### Task brief
Only the lines from the beginning of the material below through the line with "JBL CONTROL 2.4G" should be retyped exactly, and pictures are to be skipped.

### Dataset extract
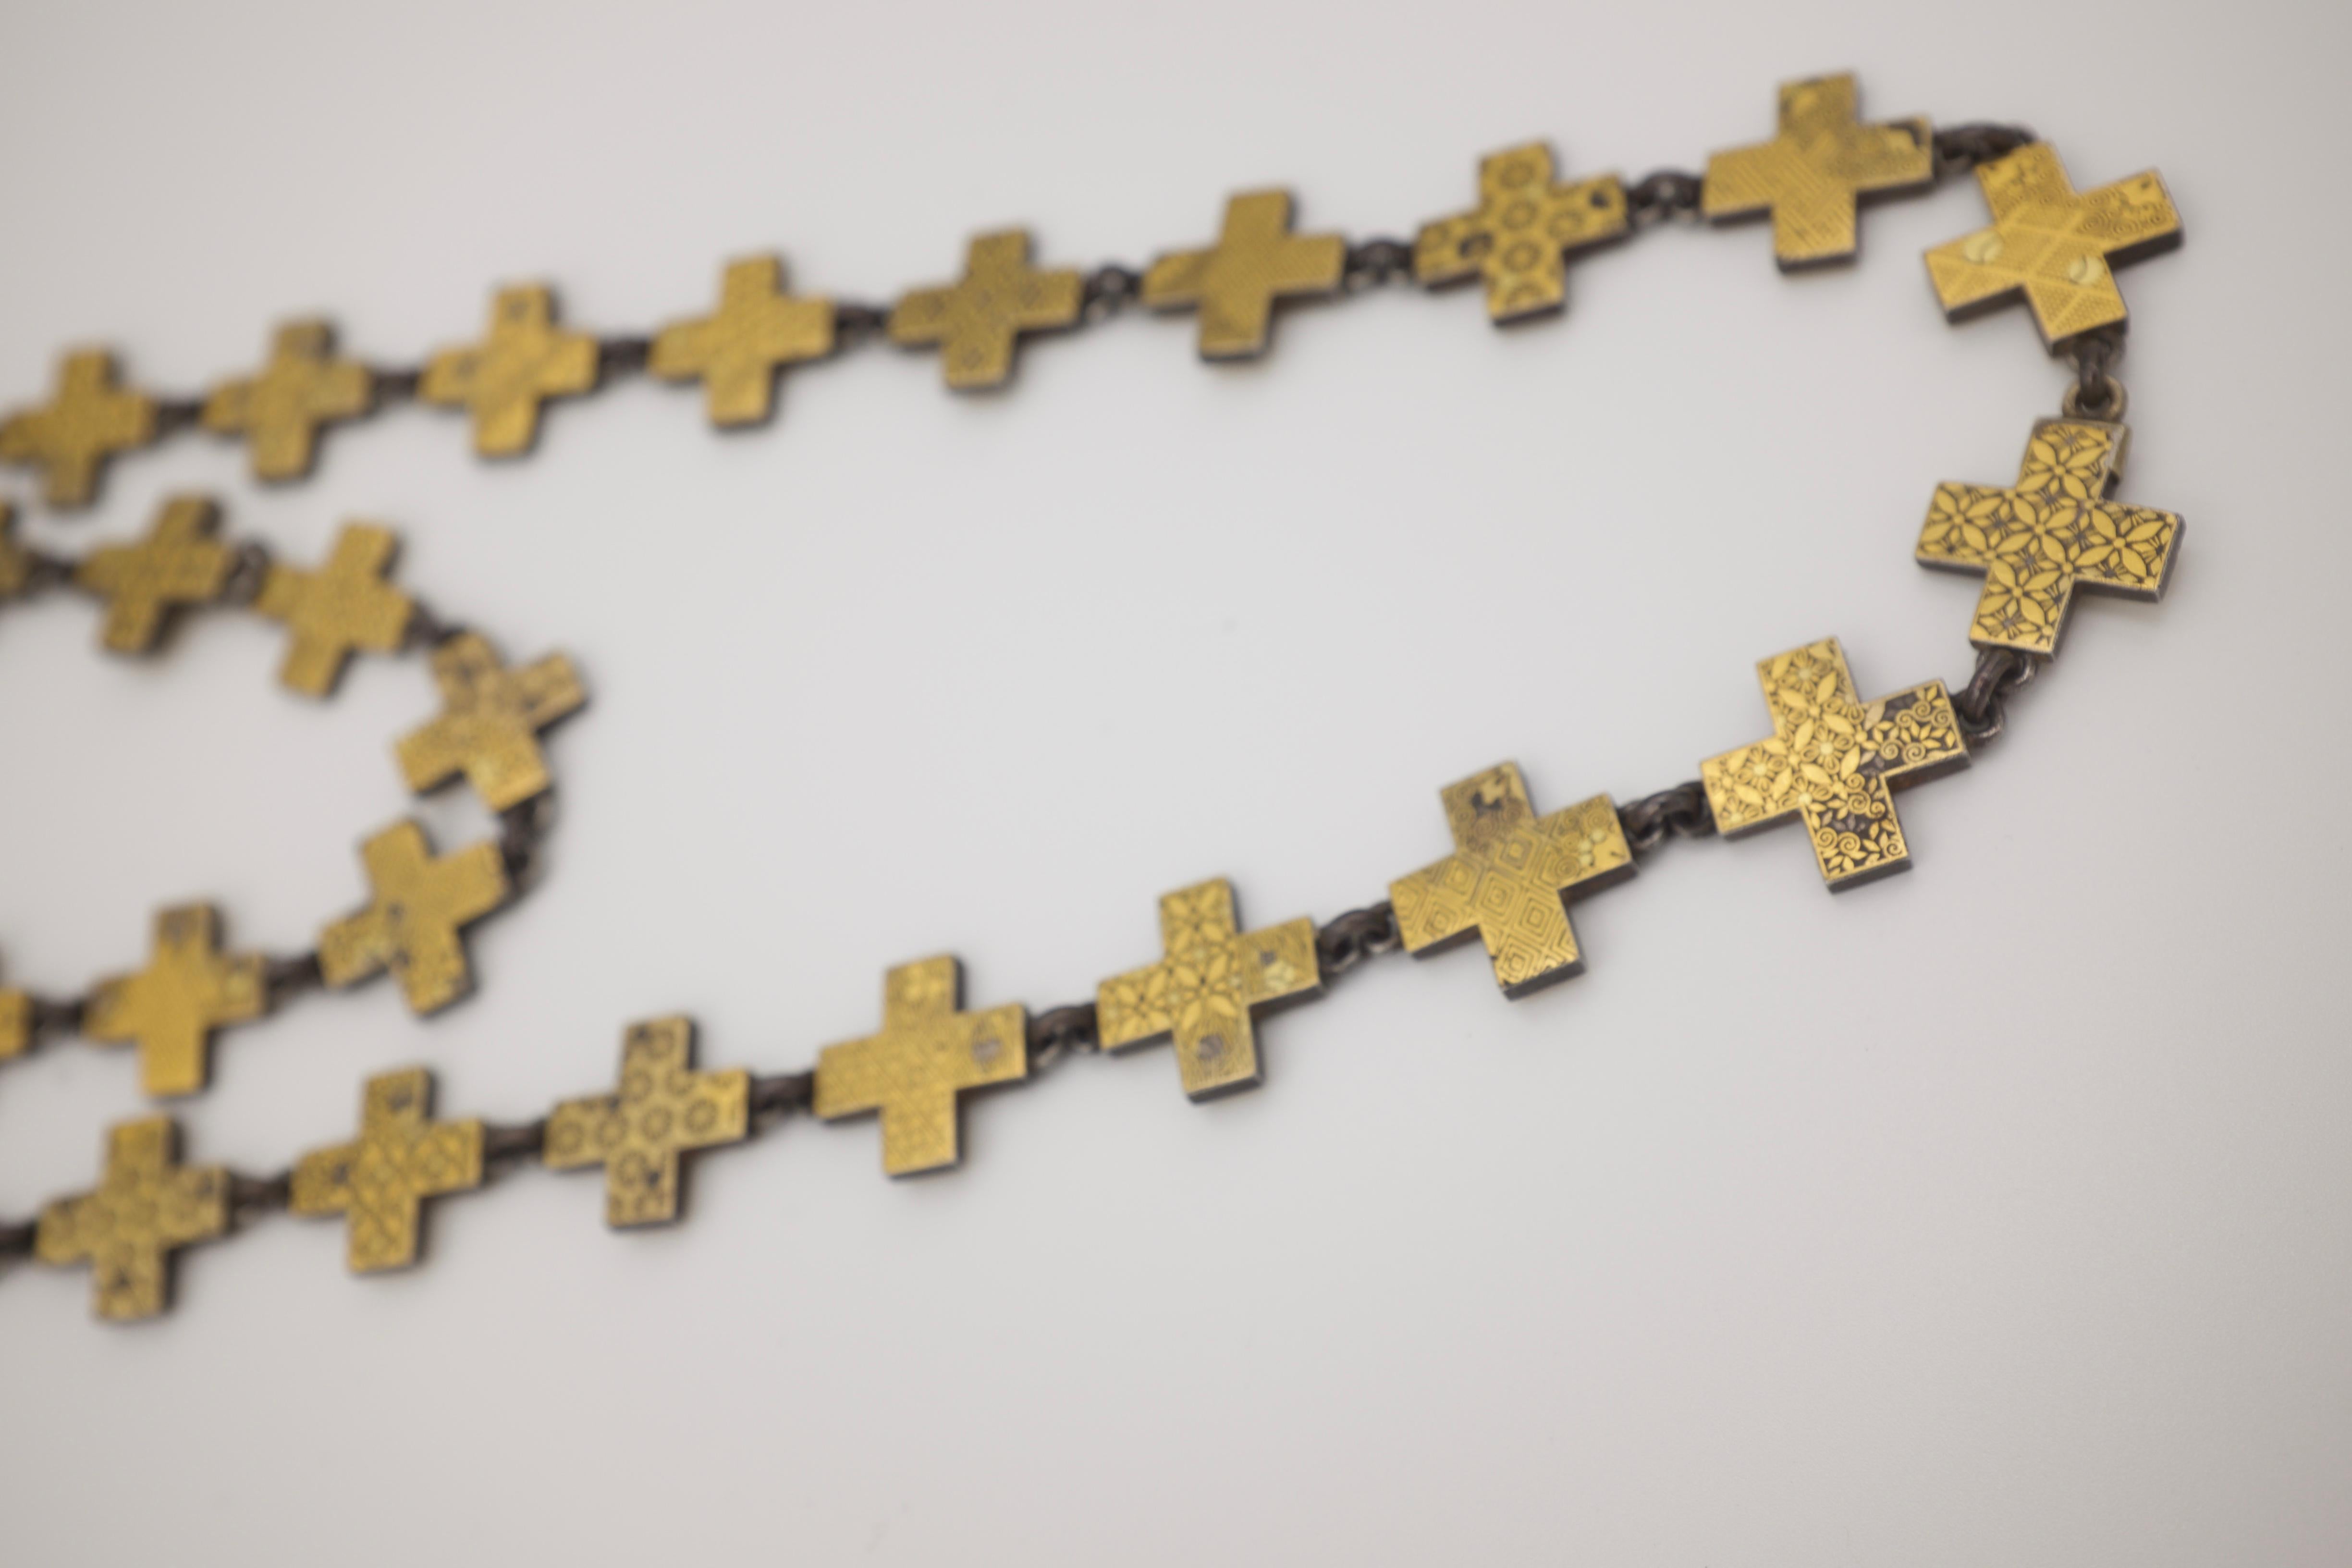 Each of the 72 crosses is hand carved in unique pattern of wonderful symmetry.  Gold and Iron, this shakudo necklace is top quality and style.  Clasp is more recent, industrial, but cool.  
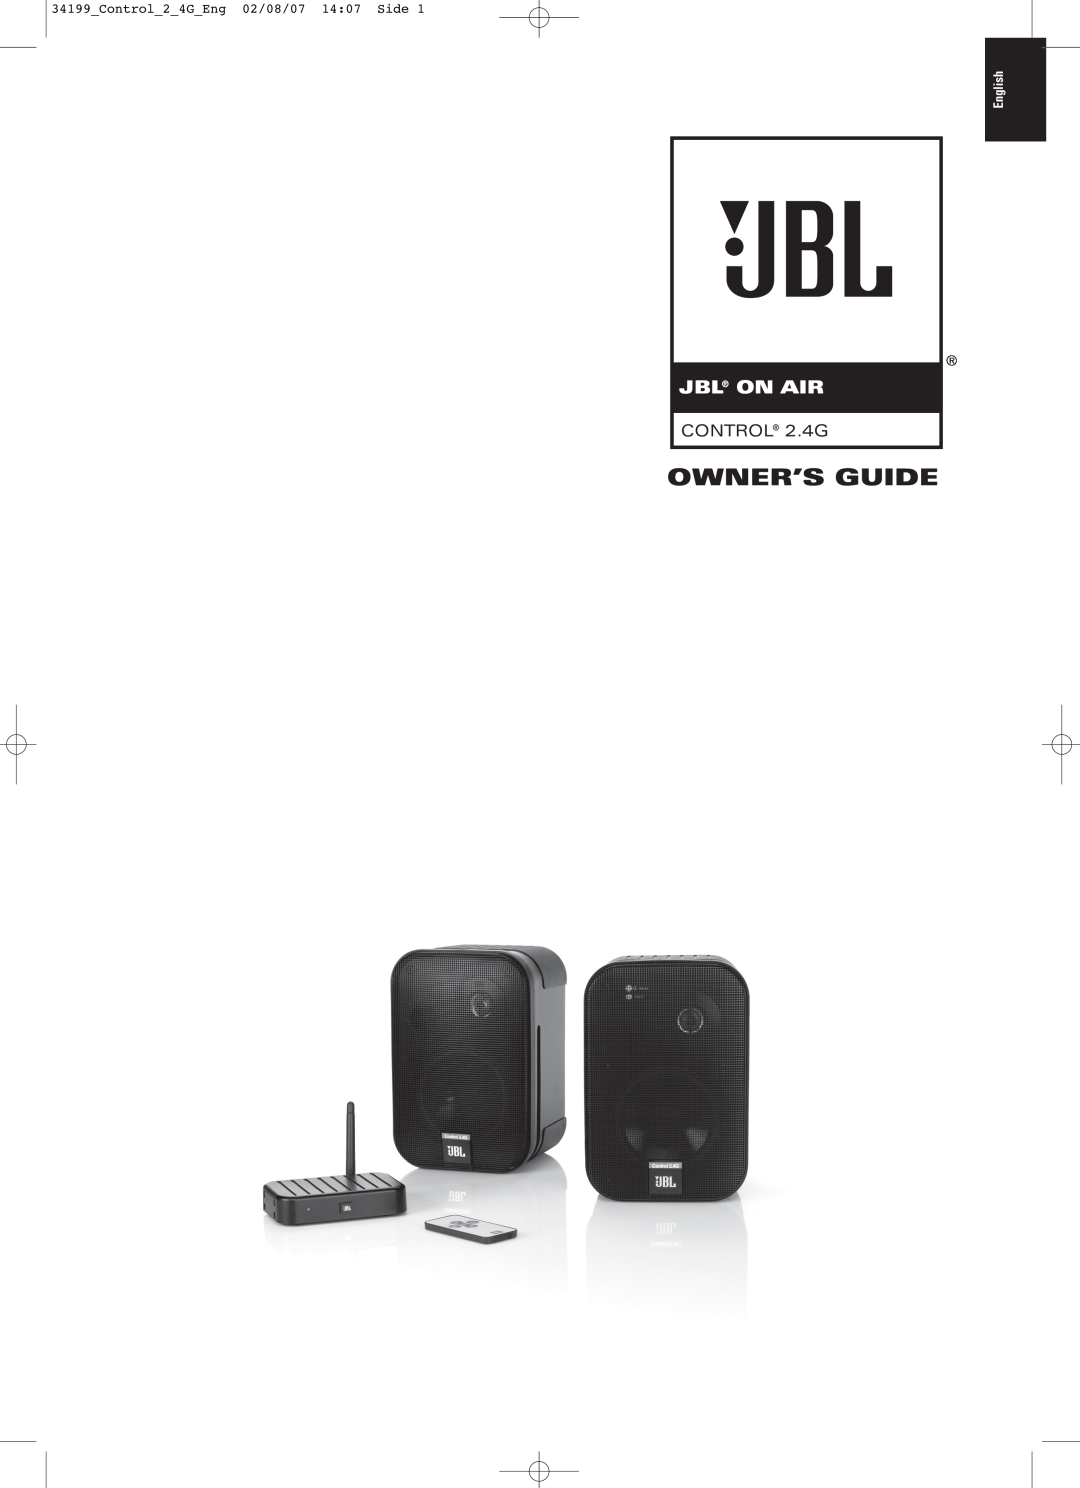 JBL CONTROL 2.4G manual Owner’S Guide, Jbl On Air, Control 2 4G Eng 02/08/07 14 07 Side, English 
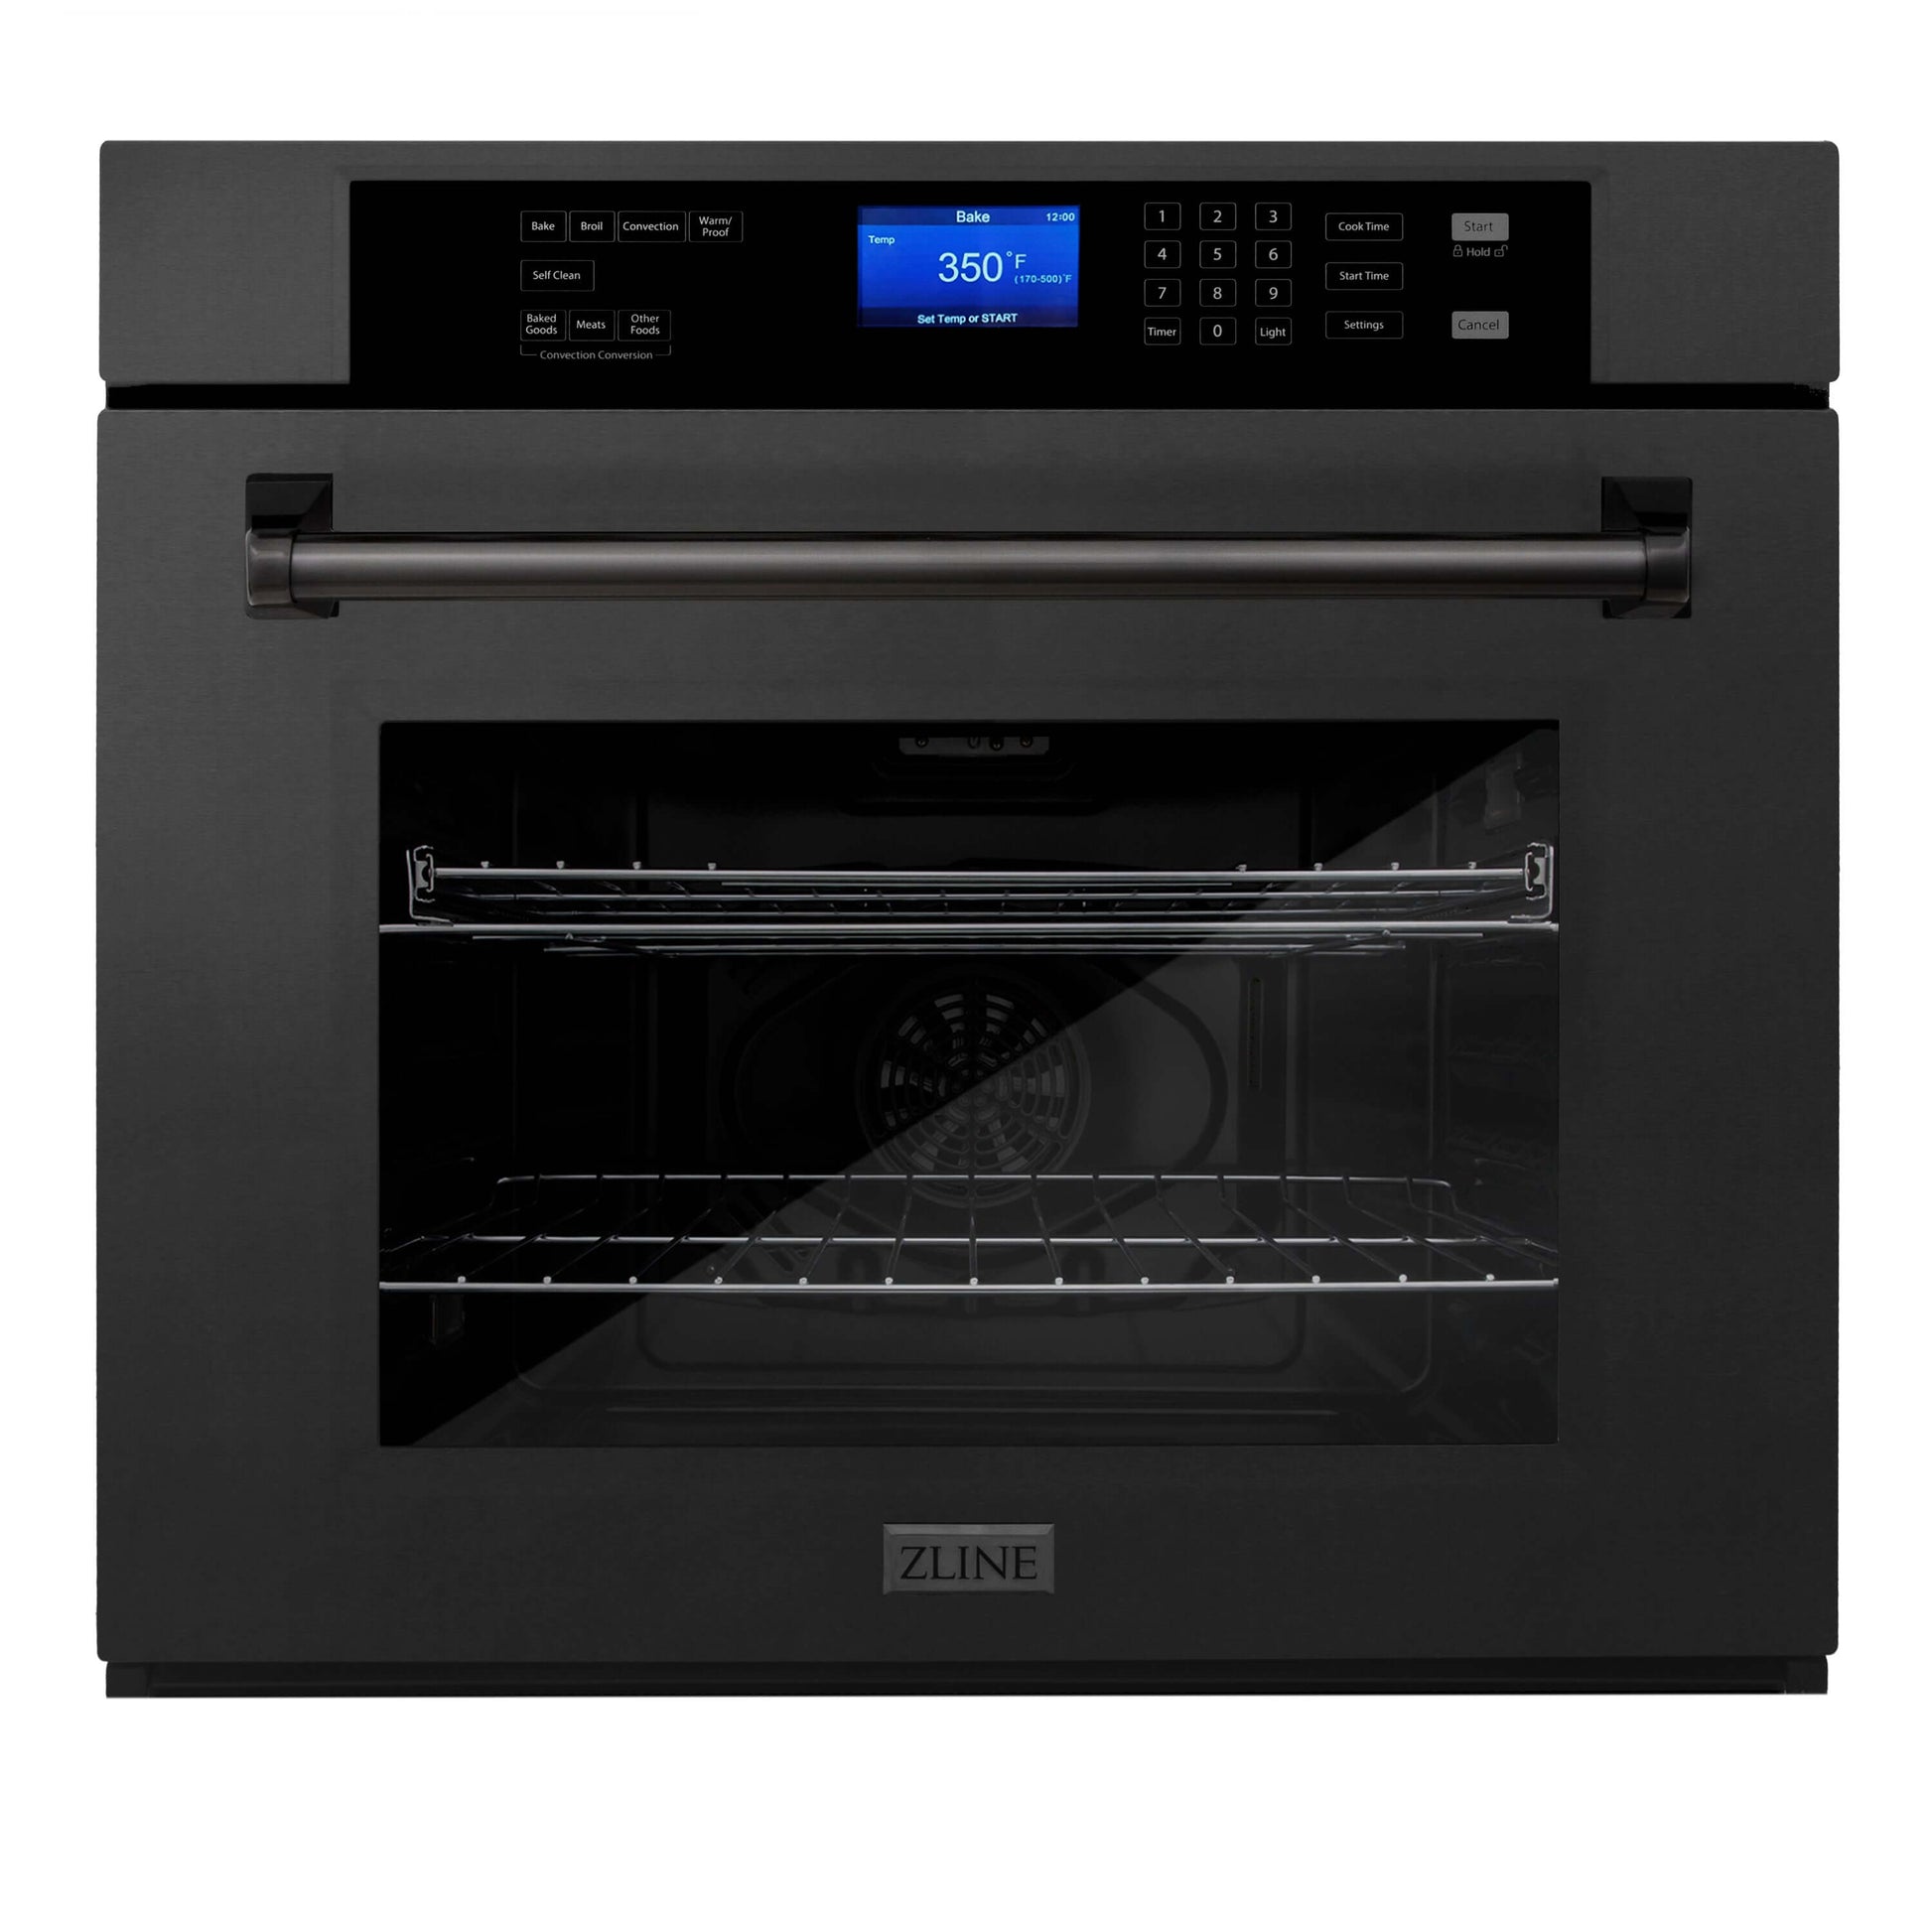 ZLINE 30 in. Professional Electric Single Wall Oven with Self Clean and True Convection in Black Stainless Steel (AWS-30-BS) front.

### Answer to the problem
 Each of the 72 crosses is hand carved in unique pattern of wonderful symmetry.  Gold and Iron, this shakudo necklace is top quality and style.  Clasp is more recent, industrial, but cool.  
 JBL CONTROL 2.4G manual Owner’S Guide, Jbl On Air, Control 2 4G Eng 02/08/07 14 07 Side, English 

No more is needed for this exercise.